A career in motorsport is something many young fans aspire to, but not all of them wish to be in the driver’s seat. South Eastern Regional College provide the perfect stepping stone for such school-leavers.
Based within the colleges award-winning Environmental Skills Centre at its Newtownards campus, the level 3 motorsport engineering course equips students with the skills and knowledge to pursue a career in the motorsport engineering industry.
Requiring Maths, English, Technology and one Science, all with a Grade C or above at GCSE level, it is a course that is very accessible. After two years of hard work and keeping the head down, students have the opportunity to leave with the equivalent of three A Levels.
I was afforded the chance to catch up with students and their tutors at the final round of the Northern Ireland Sprint Championship, held at Kirkistown Racing Circuit, County Down.
A day like this not only allows students some time out of the classroom but it gives them the opportunity to see, smell, and hear motorsports first-hand.
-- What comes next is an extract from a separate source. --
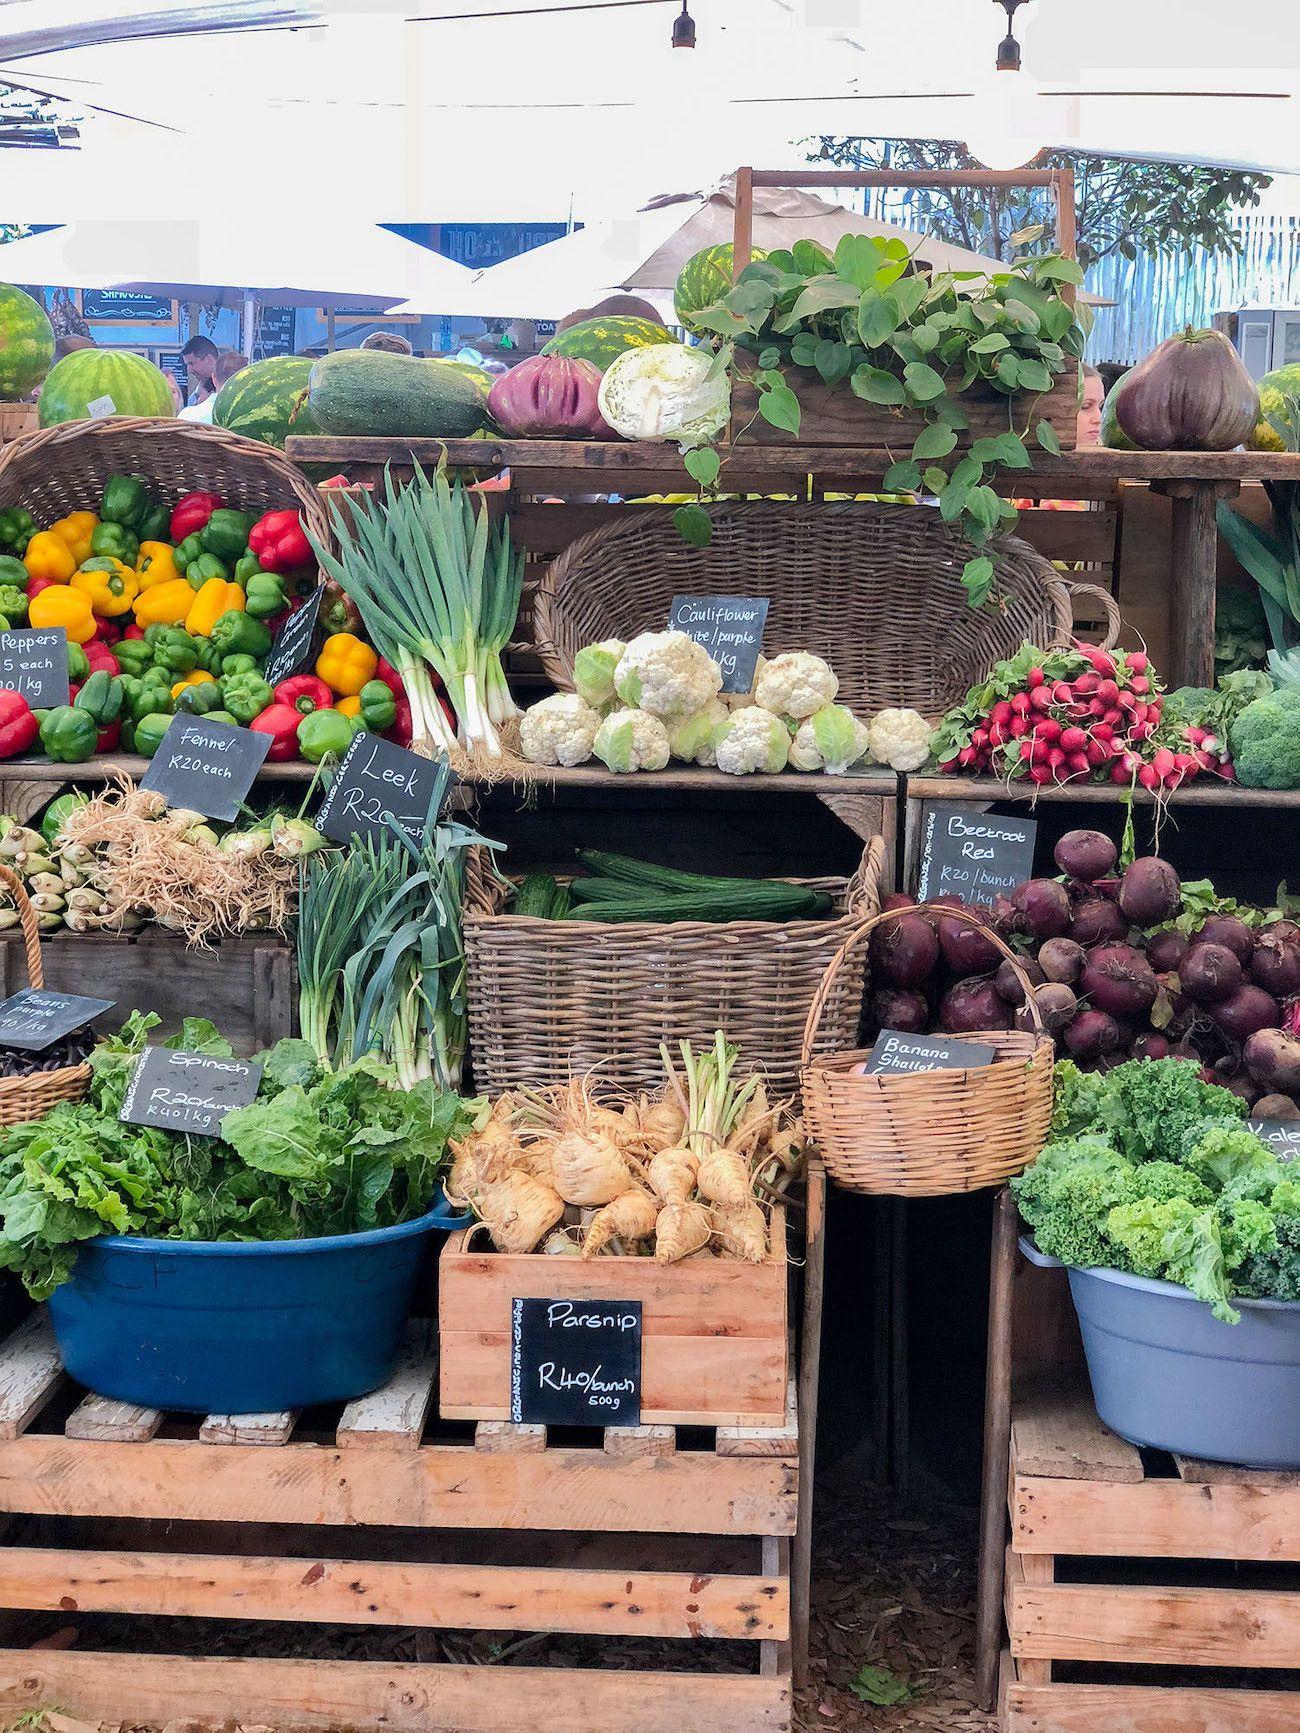 Frühstücks - und Brunch Guide für Kapstadt, Oranjezicht City Farm Market, Gemüsestand

Starting off in the scrutineering bay, chief scrutineer on this event, Gillian Magee was on-hand to talk students through each and every aspect of checking the cars safety equipment, and that the car’s mechanicals, tyres, and bodywork all conformed to the motorsport UK rulebook for competition.
Students then made their way to the heated pit garage of Gerard O’Connell, who drives Sebastian Vettel’s former World Series Dallara. Undoubtedly the most advanced vehicle that lives and competes in Northern Ireland, it provided the perfect opportunity for students to learn about the highest level of the sport from Gerard’s engineer, Stephen Colbert.
Stephen’s career has seen him travel the world with motorsport, mostly Formula 3 which is very much a junior feeder series for F1. With that in mind, Stephen gave insight into chassis, suspension, tyres, aero and down force. Colbert also showed the students different data-log graphs from cars racing and testing on various circuits in Europe, which highlighted not only fine-tuning a car to a venue, but fine tuning the driver to the car or vice versa.
From here it was back into the cold, wet and windy paddock at Kirkistown students have the chance to peruse the faster rate of machinery entered into this event, chat to the drivers, and chat to any crew members who could answer questions about car design and setup.
Deputy Clerk Of Course on this event, Fel McIlRoy, along with COC, Wilson Carson then and had the opportunity to speak to students regarding the safe running and marshalling of motorsport. A vast team of volunteers are required for any event, many of them trained in specific areas such as radio, flag, fire, start-line, and rescue.
Mentored through their level three motorsport engineering studies by course coordinator, Stuart Parker who spent a decade working on top flight single seaters for a local racing team, as well as fabrication aficionado, Stephen Wishart who has built from the ground up, some of the country’s most impressive rally cars, these teenagers really are in knowledgeable hands.
“Progression from the course is for students to jump straight into a pit lane role, or to head into a full-fat motorsport degree at university,” Stuart explains.
“Our two-year course covers all the essential basic elements such as race car setup, engines, transmissions, and regulations. We then cover the engineering side of things by learning Computer Aided Design, fabrication and welding, sheet metal fabrication, and most of all Maths. Generally speaking our students come straight out of school, but we have people join our course in their mid 30s as they wanted a career change.”
Stuart continued, “Today at Kirkistown is what we call a scrutineering day where these first year students will learn what racing circuits are all about, without getting their hands dirty. We get the chance to talk with teams and drivers to get their viewpoint on what it is like to race. And because it is club racing, it is a great place to learn as the higher up the motorsport ranks you go, the less people are willing to chat to you.
“We attend three events per year with the students, and pre-covid we had the chance to visit Renault F1. We have also visited M-Sport whose operation has run in the World Rally Championship for decades with the Ford brand, along with a few other motorsport teams based across the water.”